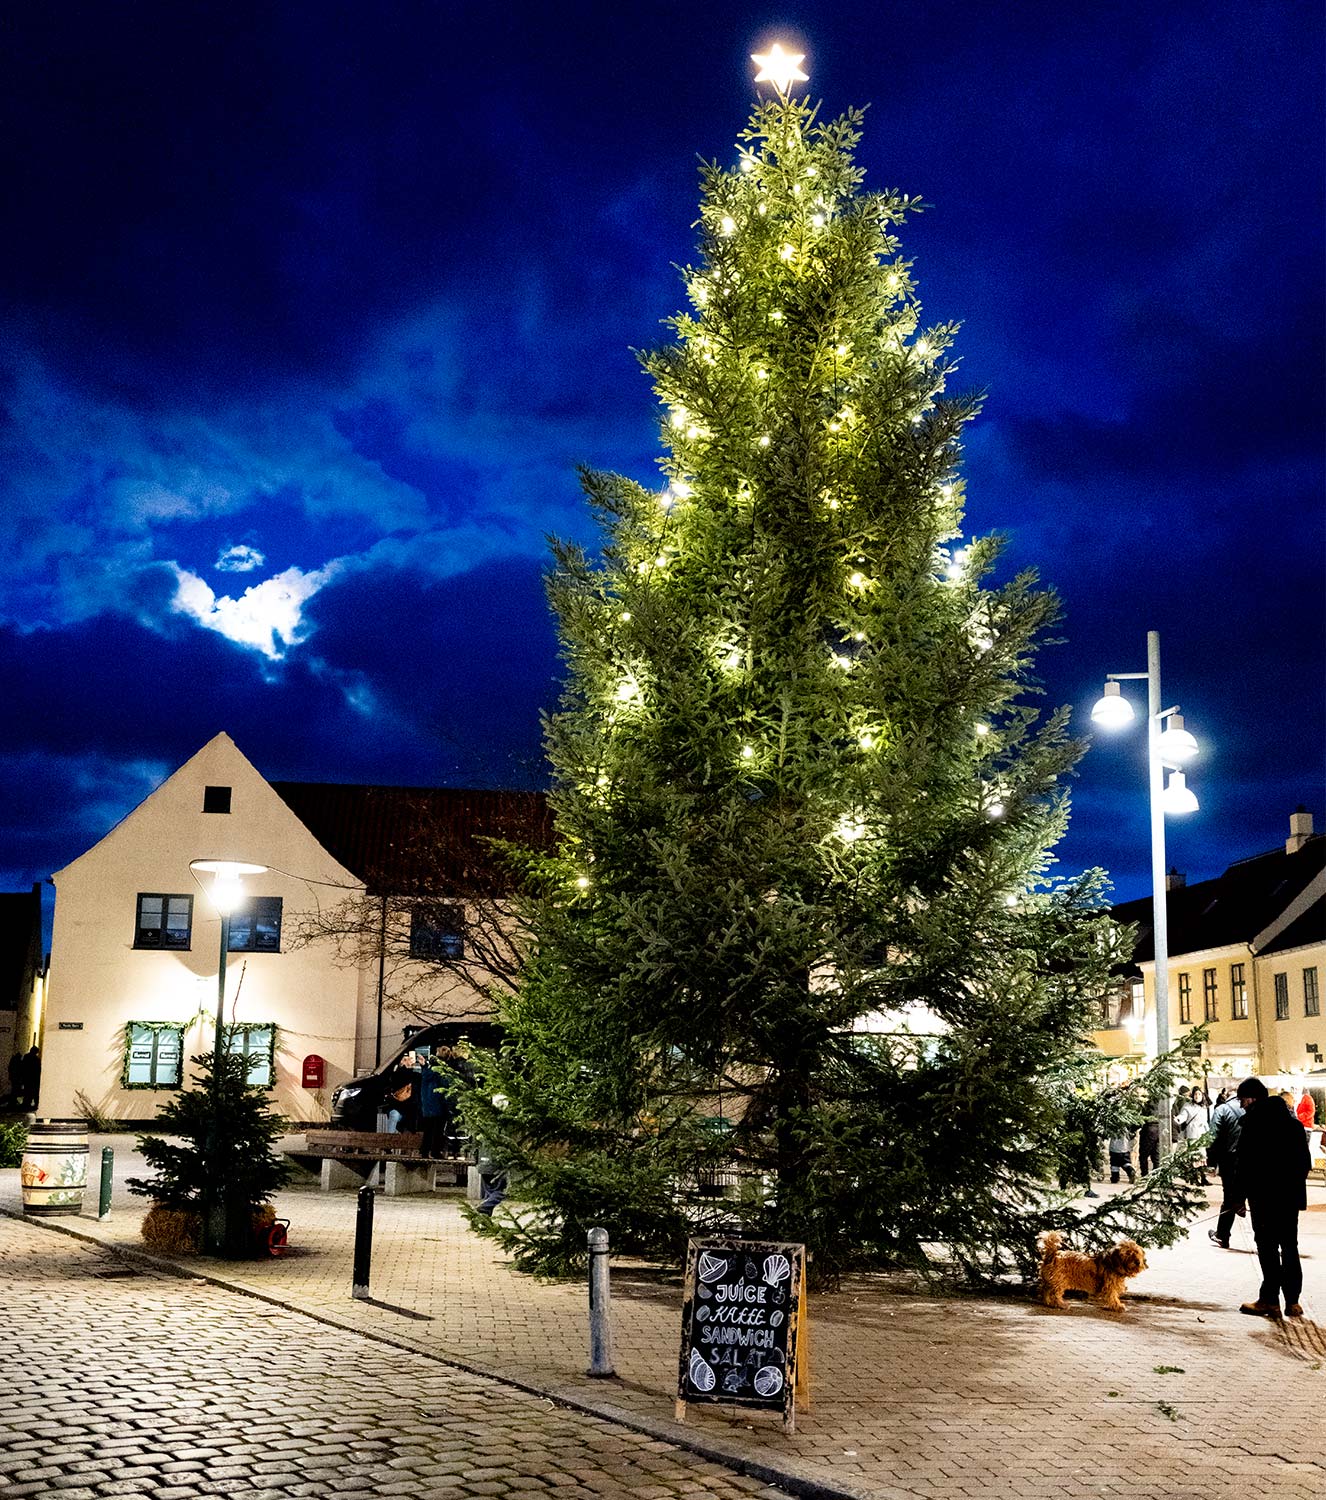 Juletræet lyser op i mørket. Foto: TorbenStender.
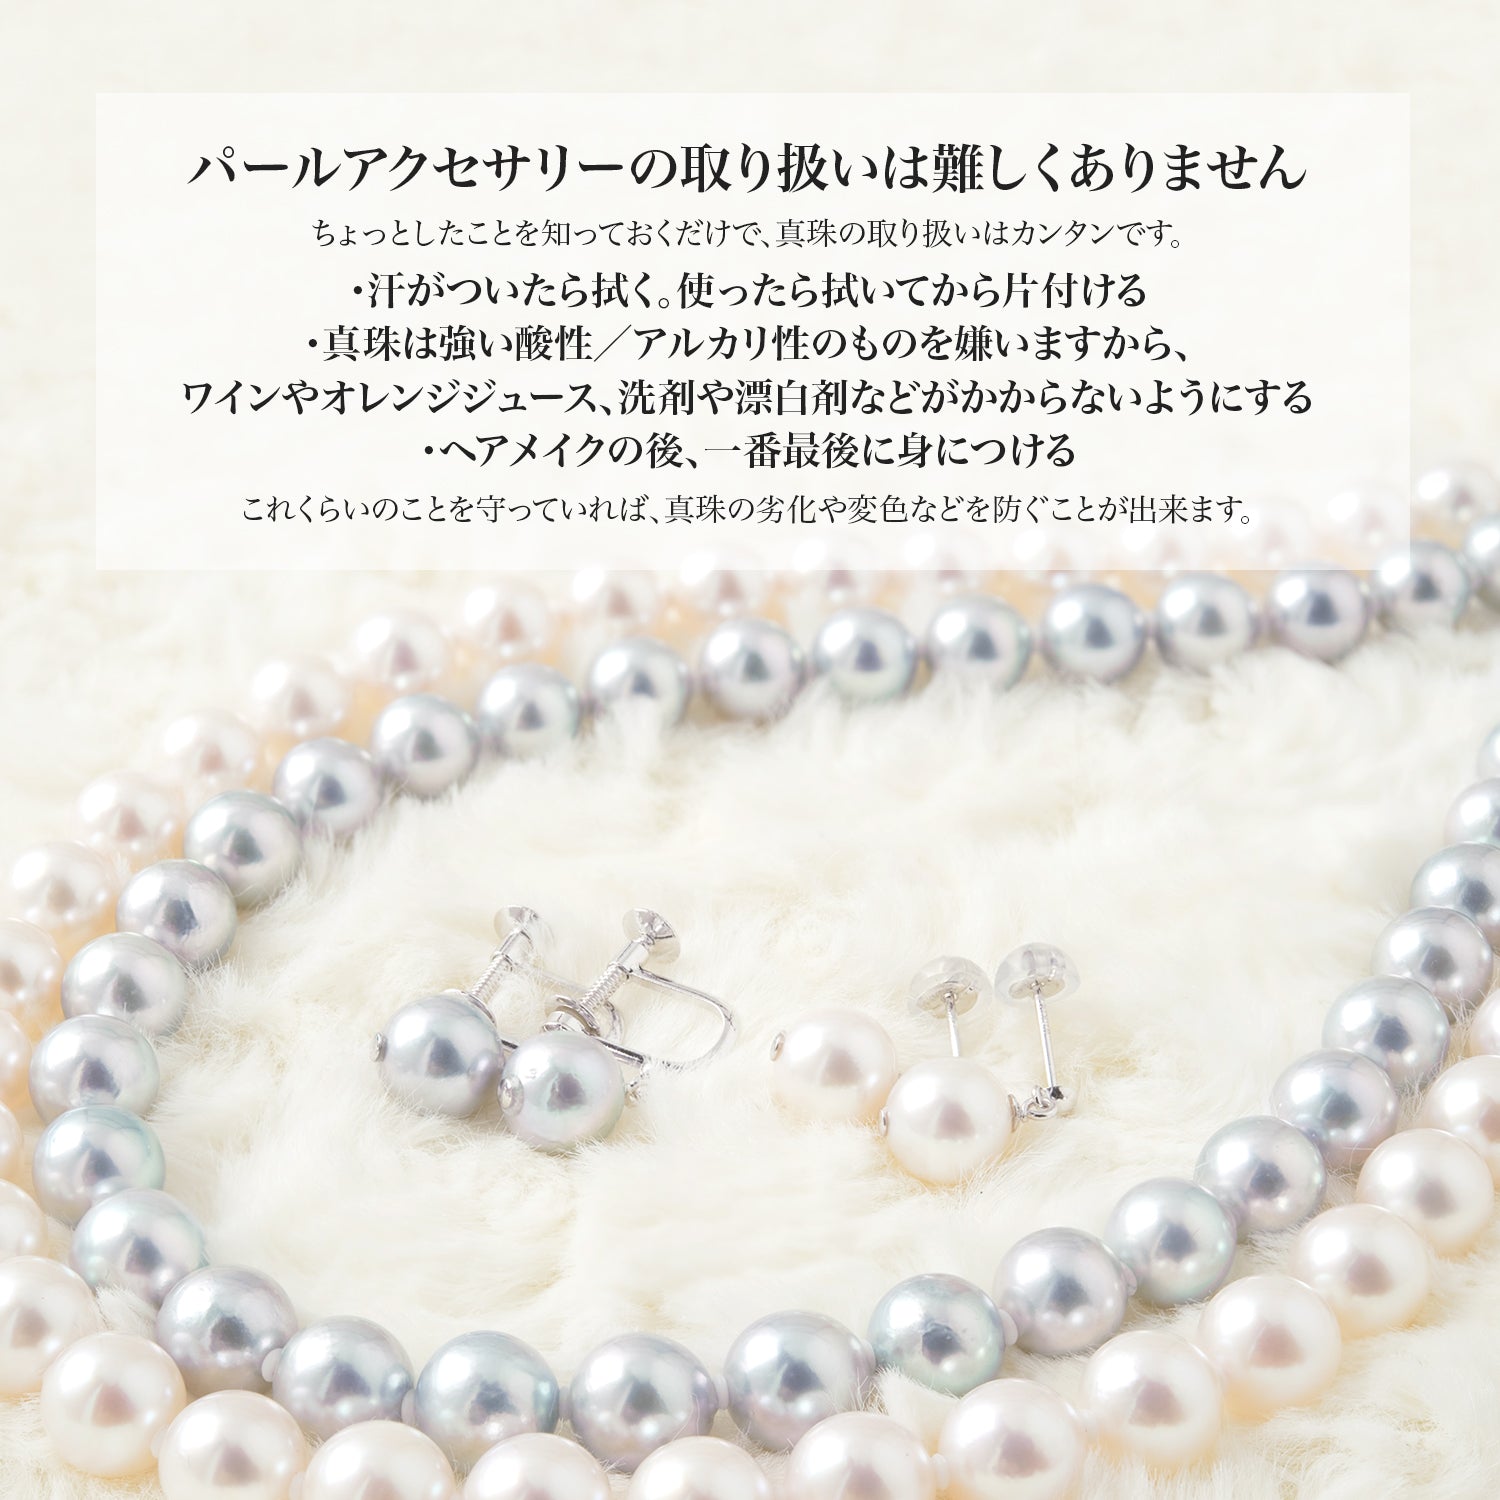 [灰色] Akoya 珍珠项链正装 2 件套 [7.5-8.0mm] (含耳环) 适合正式场合 附有真品证书和收纳盒 [数量有限]
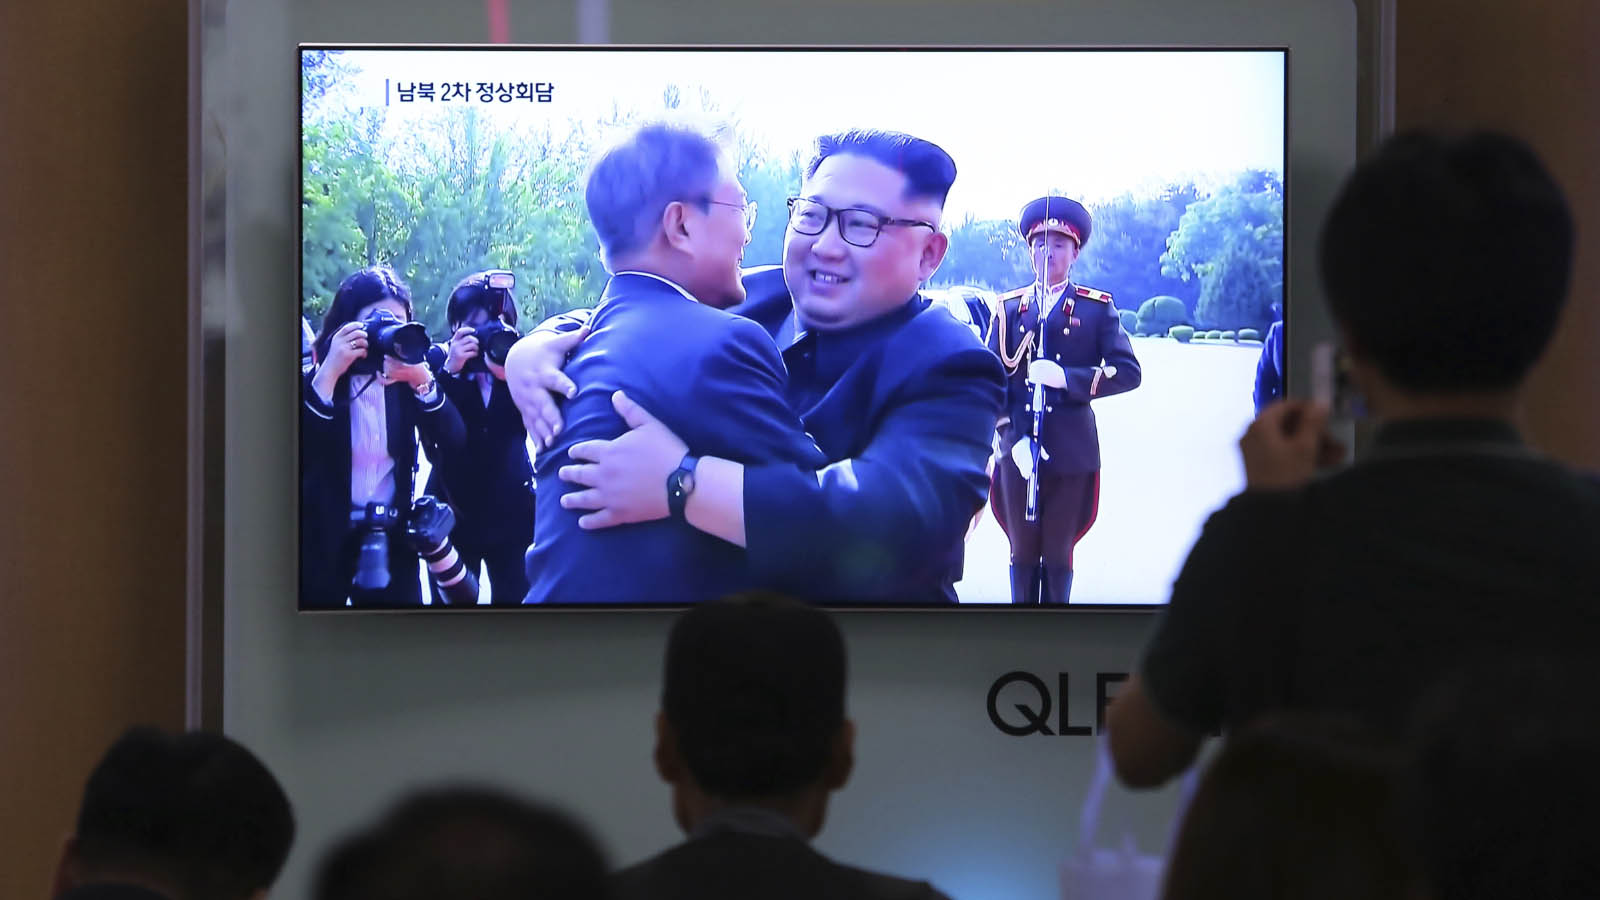 אנשים צופים בטלווזיה בפגישה של מנהיגי קוריאה הצפונית והדרומית באזור המפורז בין המדינות. 26 במאי (AP Photo/Ahn Young-joon)
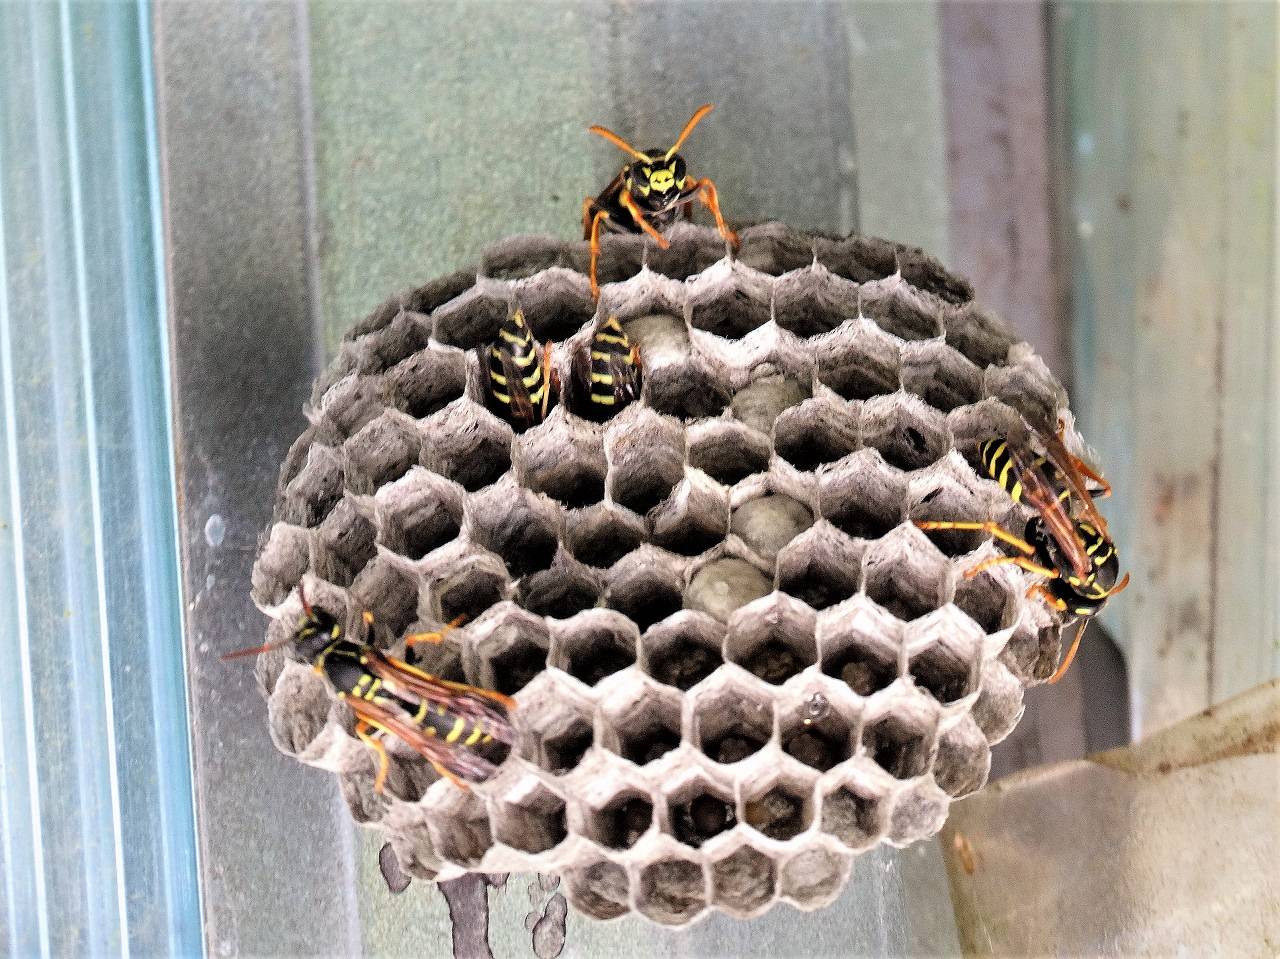 Как устроено гнездо осы, и каким образом оно используется в медицине?

* * * *

WORK ITEM: Only the pictures are to be left out; repeat all other material exactly.

PROBLEM SOLUTION:
 Juletræet lyser op i mørket. Foto: TorbenStender.
 [灰色] Akoya 珍珠项链正装 2 件套 [7.5-8.0mm] (含耳环) 适合正式场合 附有真品证书和收纳盒 [数量有限]
 אנשים צופים בטלווזיה בפגישה של מנהיגי קוריאה הצפונית והדרומית באזור המפורז בין המדינות. 26 במאי (AP Photo/Ahn Young-joon)
 Как устроено гнездо осы, и каким образом оно используется в медицине?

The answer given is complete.